▶ **COLLECTED DATA**:

━━━━━━━━━━

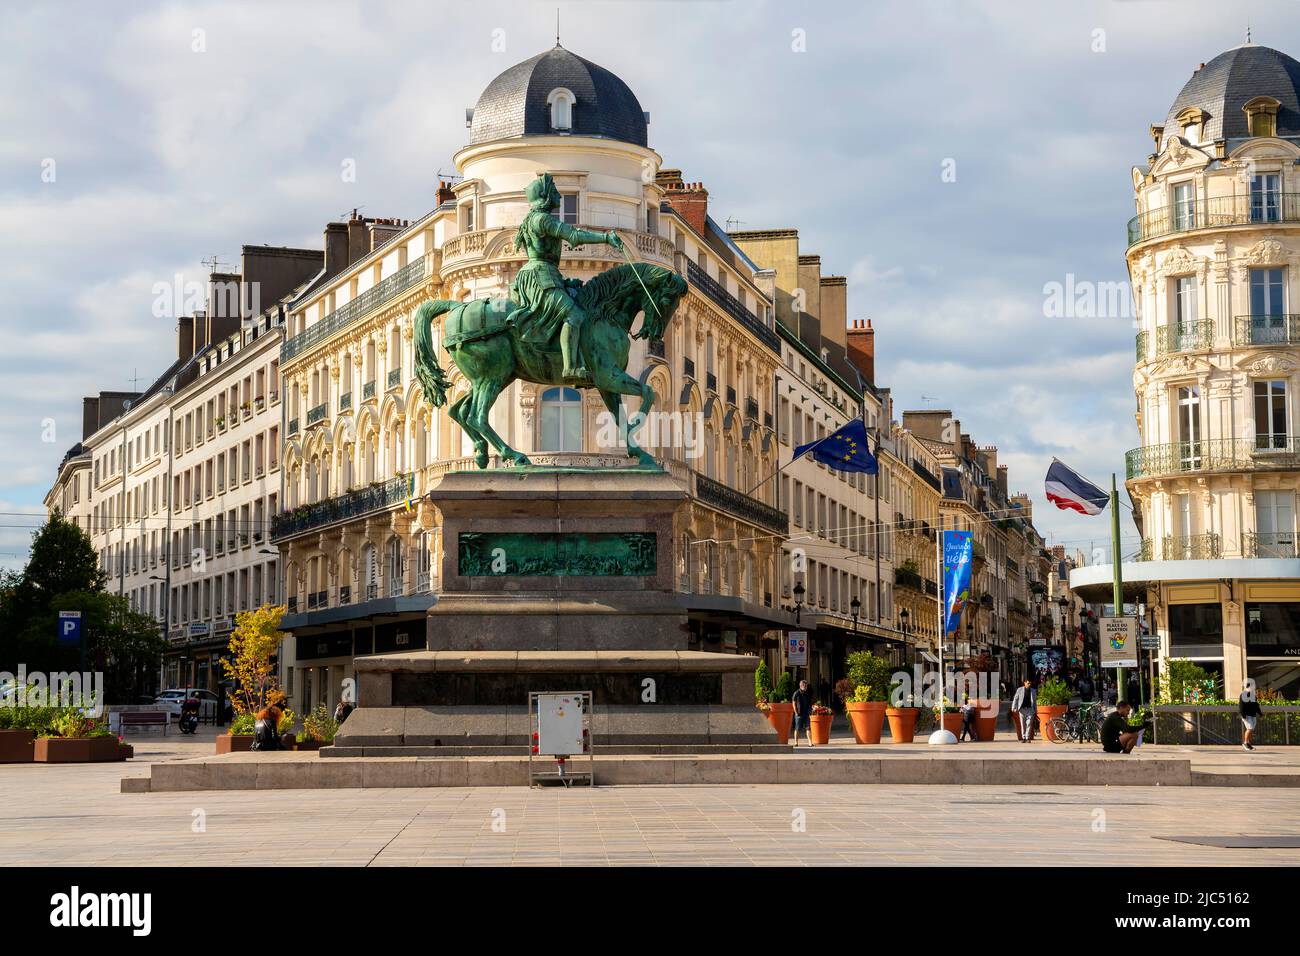 La statue équestre de Jeanne d'Arc sur la place du Martroi est un monument en bronze réalisé par Denis Foyatier en 1855. Orléans, Centre-Val de Loire région de Banque D'Images
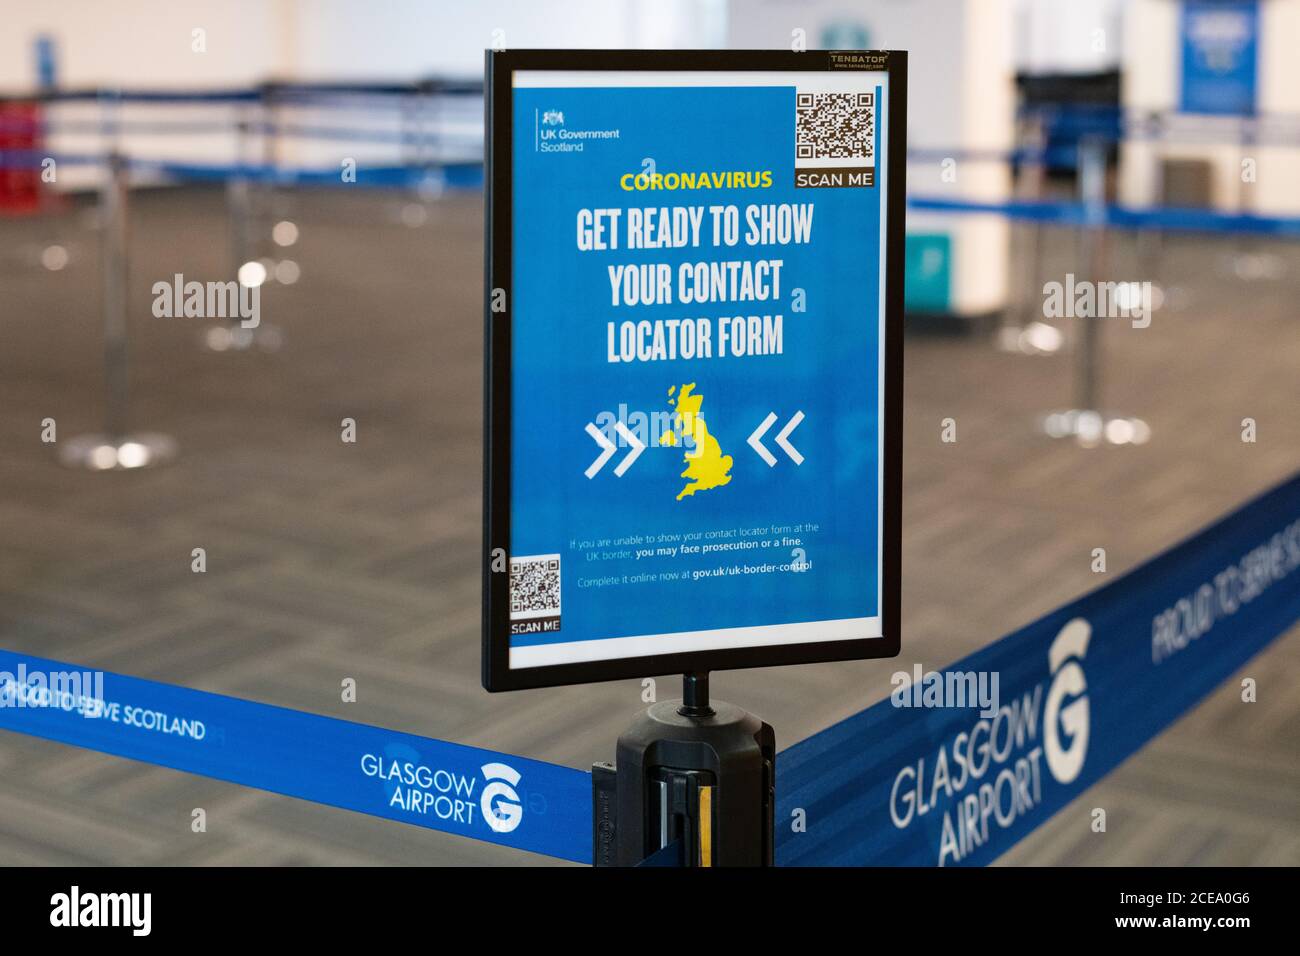 Coronavirus-Grenzkontrollschild am Flughafen Glasgow, Schottland, Großbritannien erinnert Personen, die in Großbritannien einreisen, daran, dass sie sich bereit machen, Ihr Kontaktsuchformular zu zeigen. Stockfoto
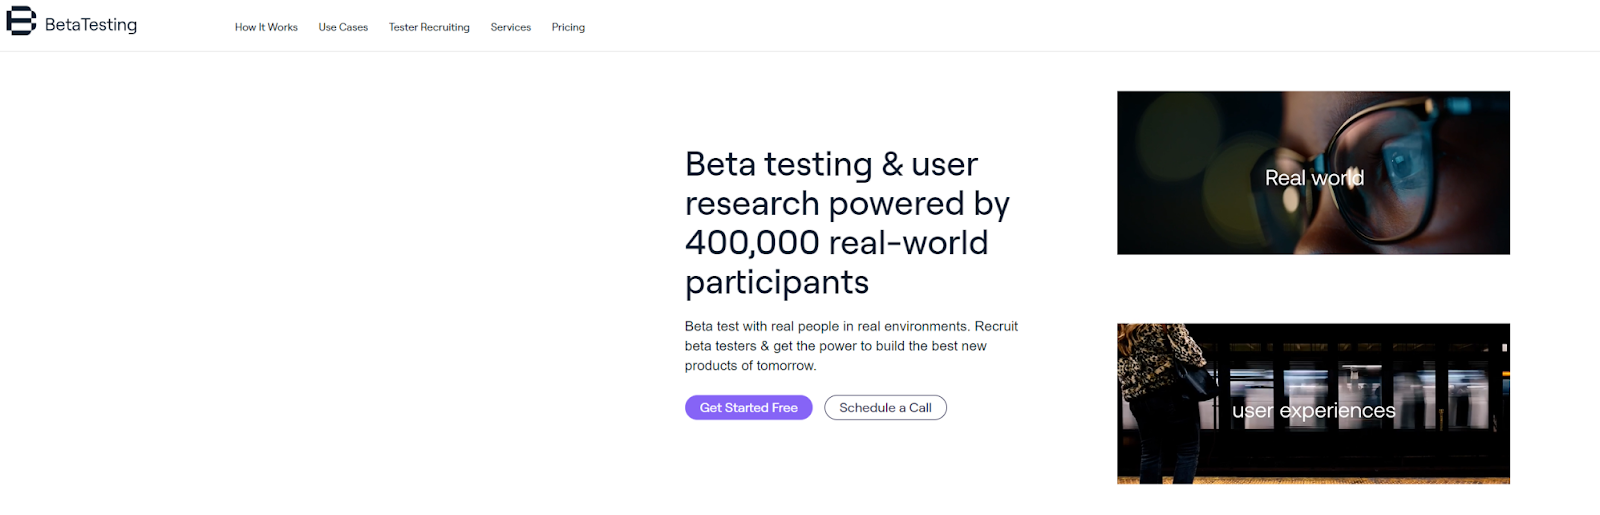 Betatesting.com website
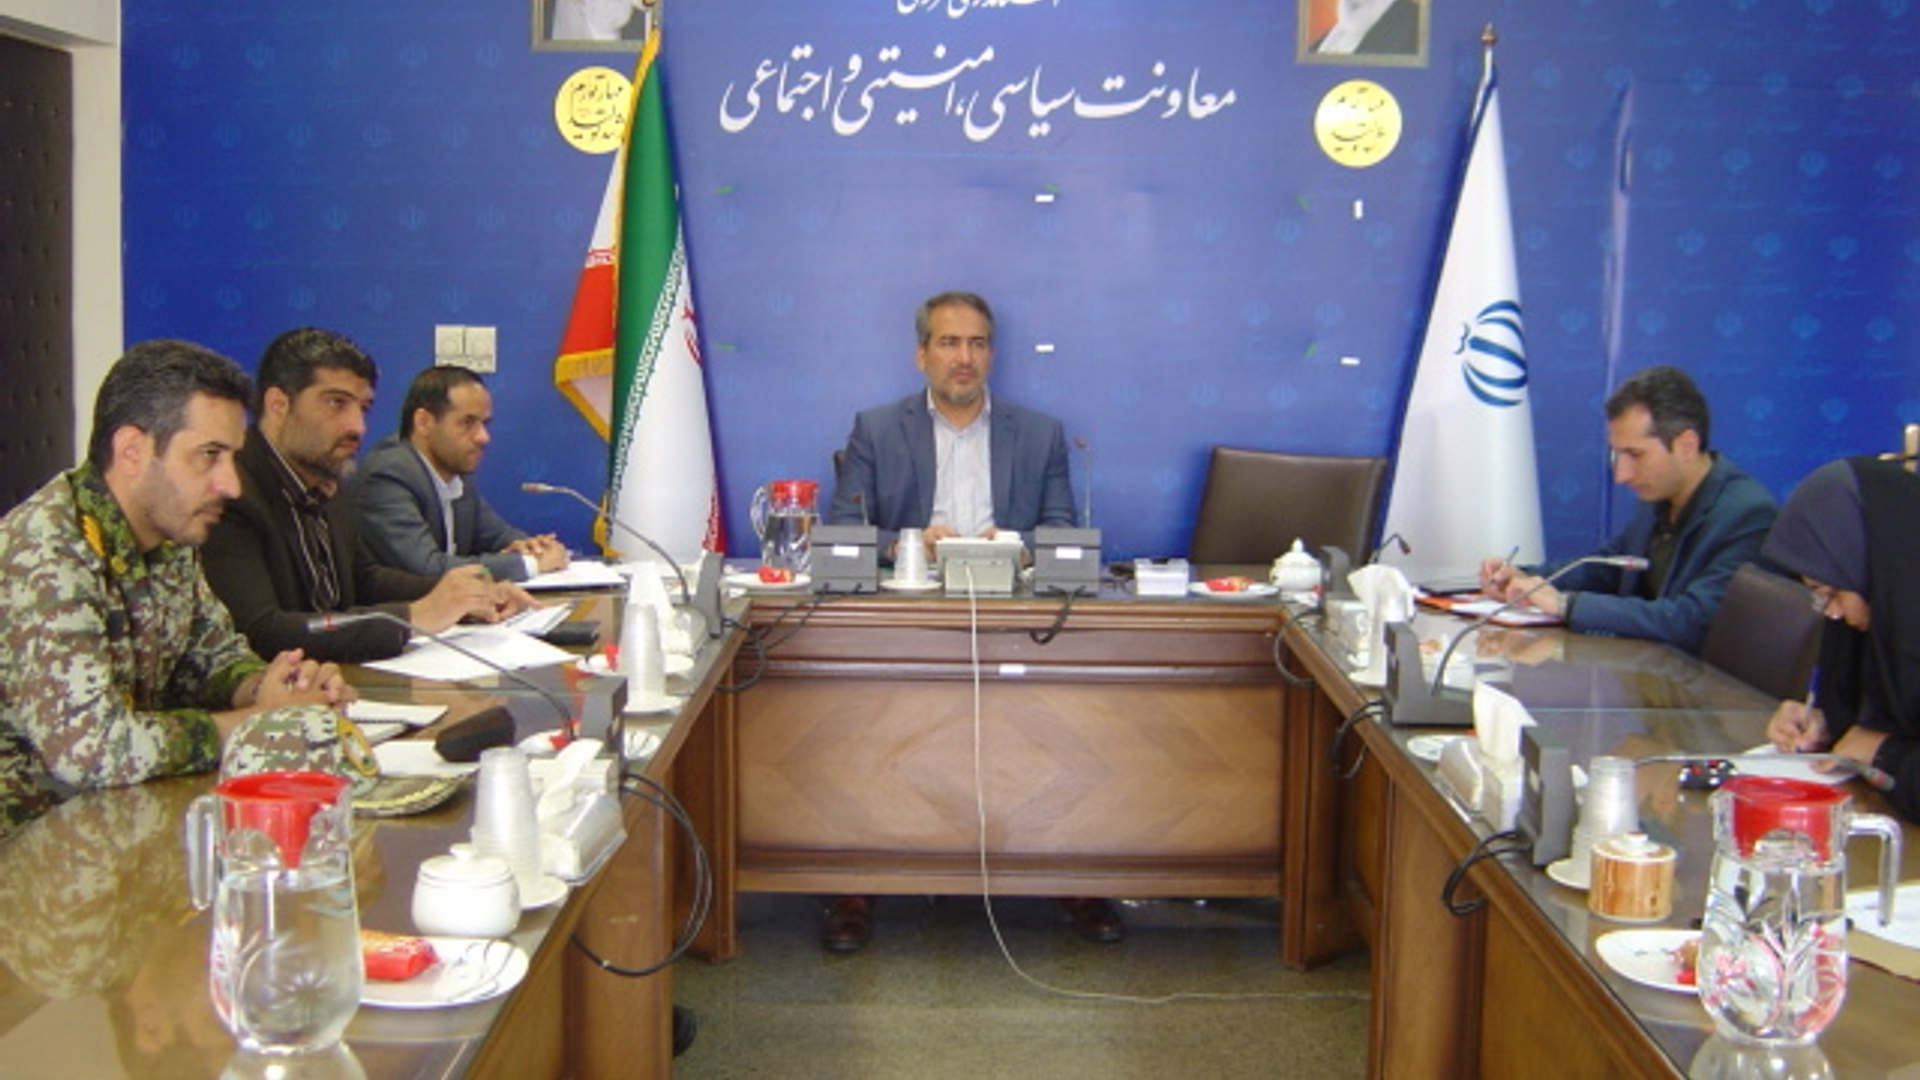 جلسه کمیسیون برآورد اطلاعات استان ساعت 10 صبح روز یکشنبه مورخ 31-2-1402 به ریاست آقای رحیمی تبار مدیر کل امنیتی و انتظامی برگزار گردید.

━━━━━━━━━━

▶ **EXERCISE BRIEF**: Leave the pictures out and output exactly the lines above, from the start of the listing through the line with "Betatesting.com website".

▶ **YOUR RESPONSE**:
 La statue équestre de Jeanne d'Arc sur la place du Martroi est un monument en bronze réalisé par Denis Foyatier en 1855. Orléans, Centre-Val de Loire région de Banque D'Images
 Coronavirus-Grenzkontrollschild am Flughafen Glasgow, Schottland, Großbritannien erinnert Personen, die in Großbritannien einreisen, daran, dass sie sich bereit machen, Ihr Kontaktsuchformular zu zeigen. Stockfoto
 Betatesting.com website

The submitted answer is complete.